After locating the line with "a scooper putting" in the entries below, output it and each following line up to and including the line with "Fantasy Football What's More Likely? Image", exactly and without pictures.

SUPPLIED INFORMATION ▸
.....

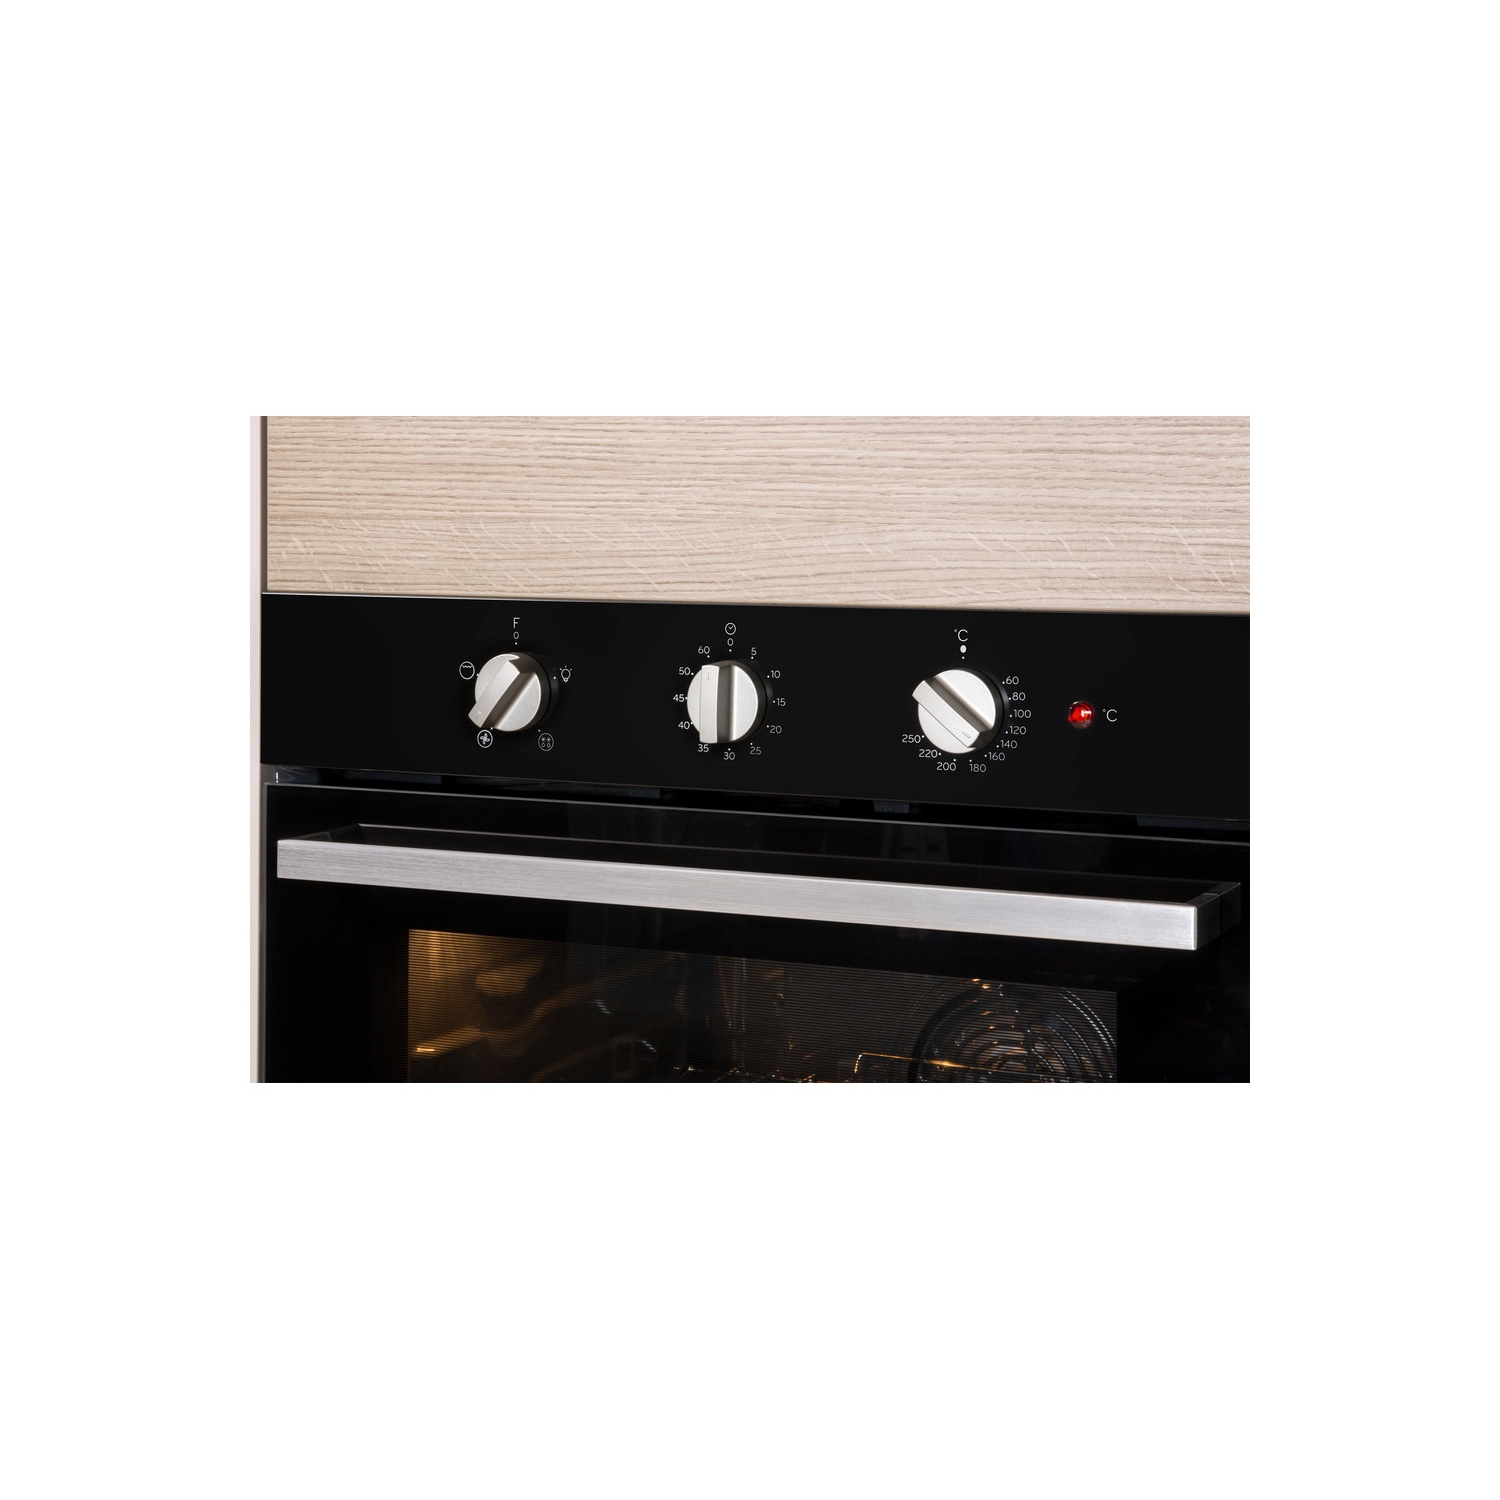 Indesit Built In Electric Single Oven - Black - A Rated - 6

.....

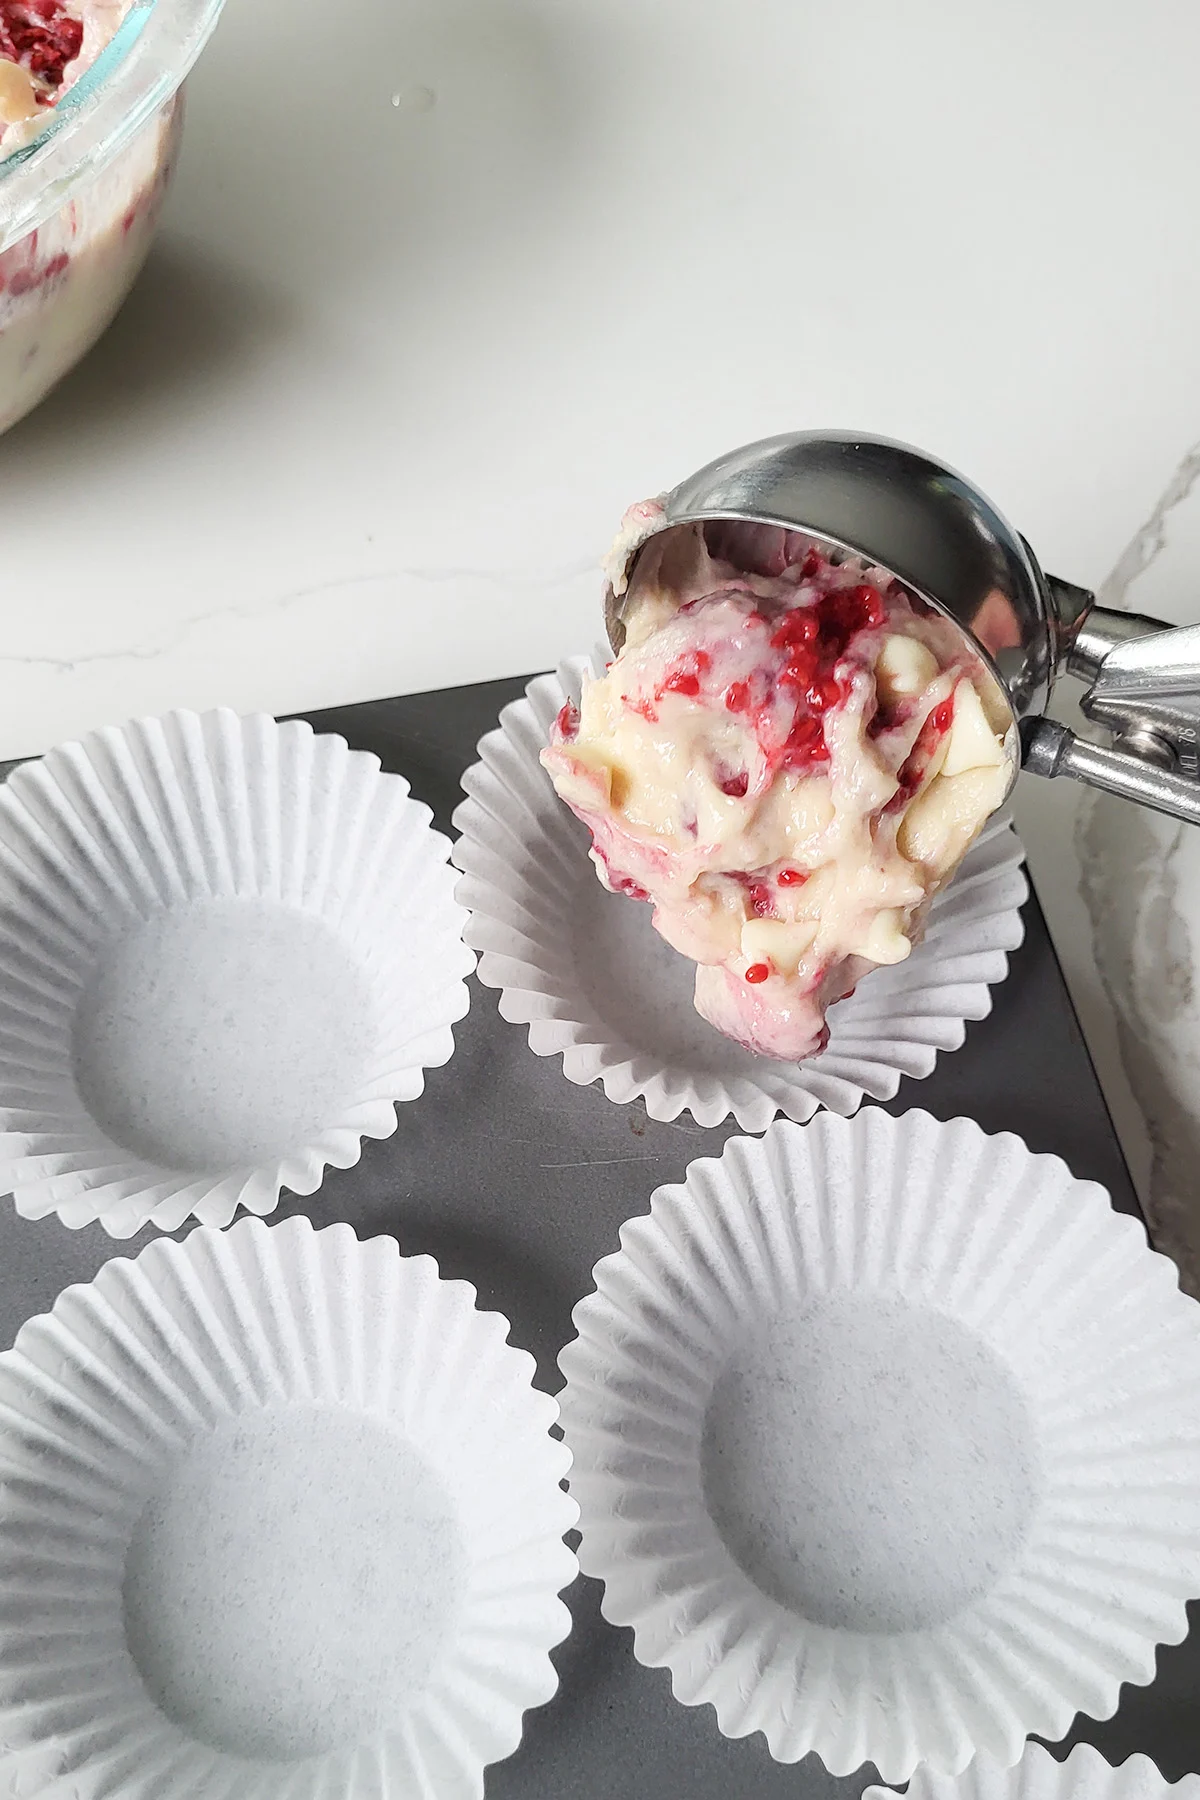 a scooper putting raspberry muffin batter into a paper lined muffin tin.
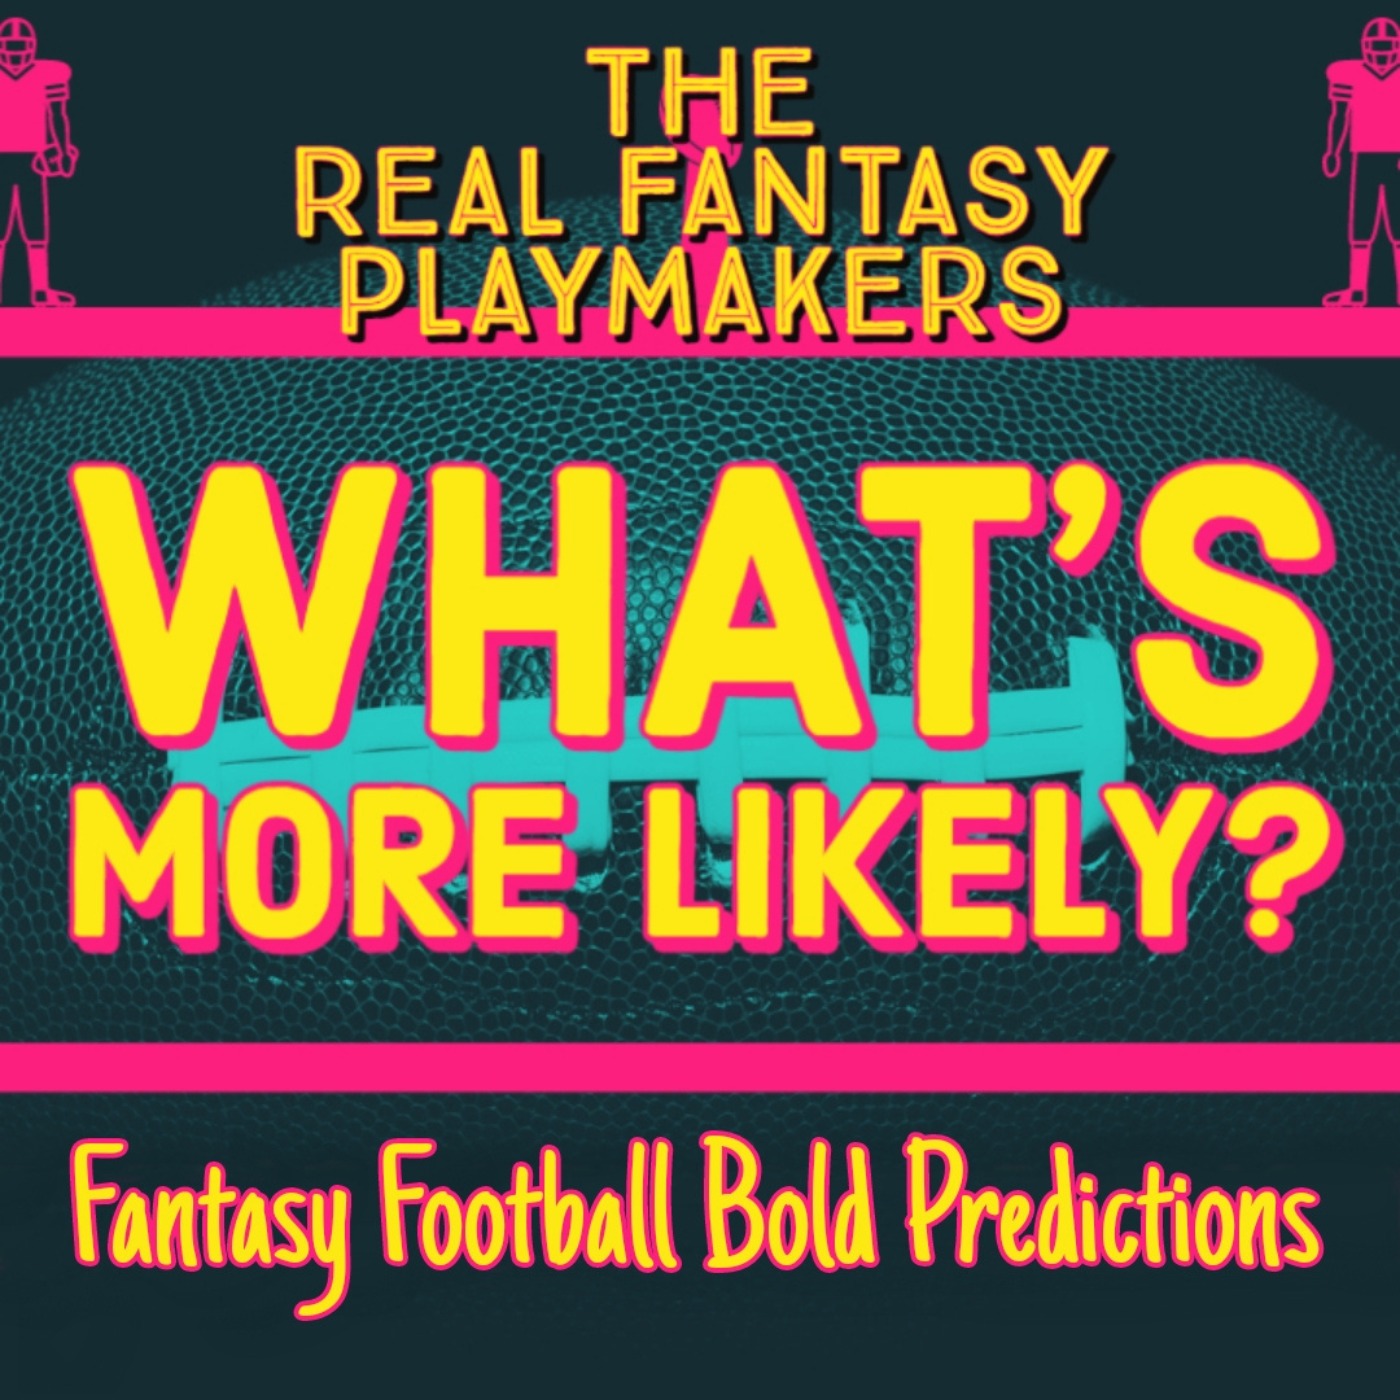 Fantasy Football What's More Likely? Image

.....

OUTPUT FOR THIS TASK ▸
 a scooper putting raspberry muffin batter into a paper lined muffin tin.
 Fantasy Football What's More Likely? Image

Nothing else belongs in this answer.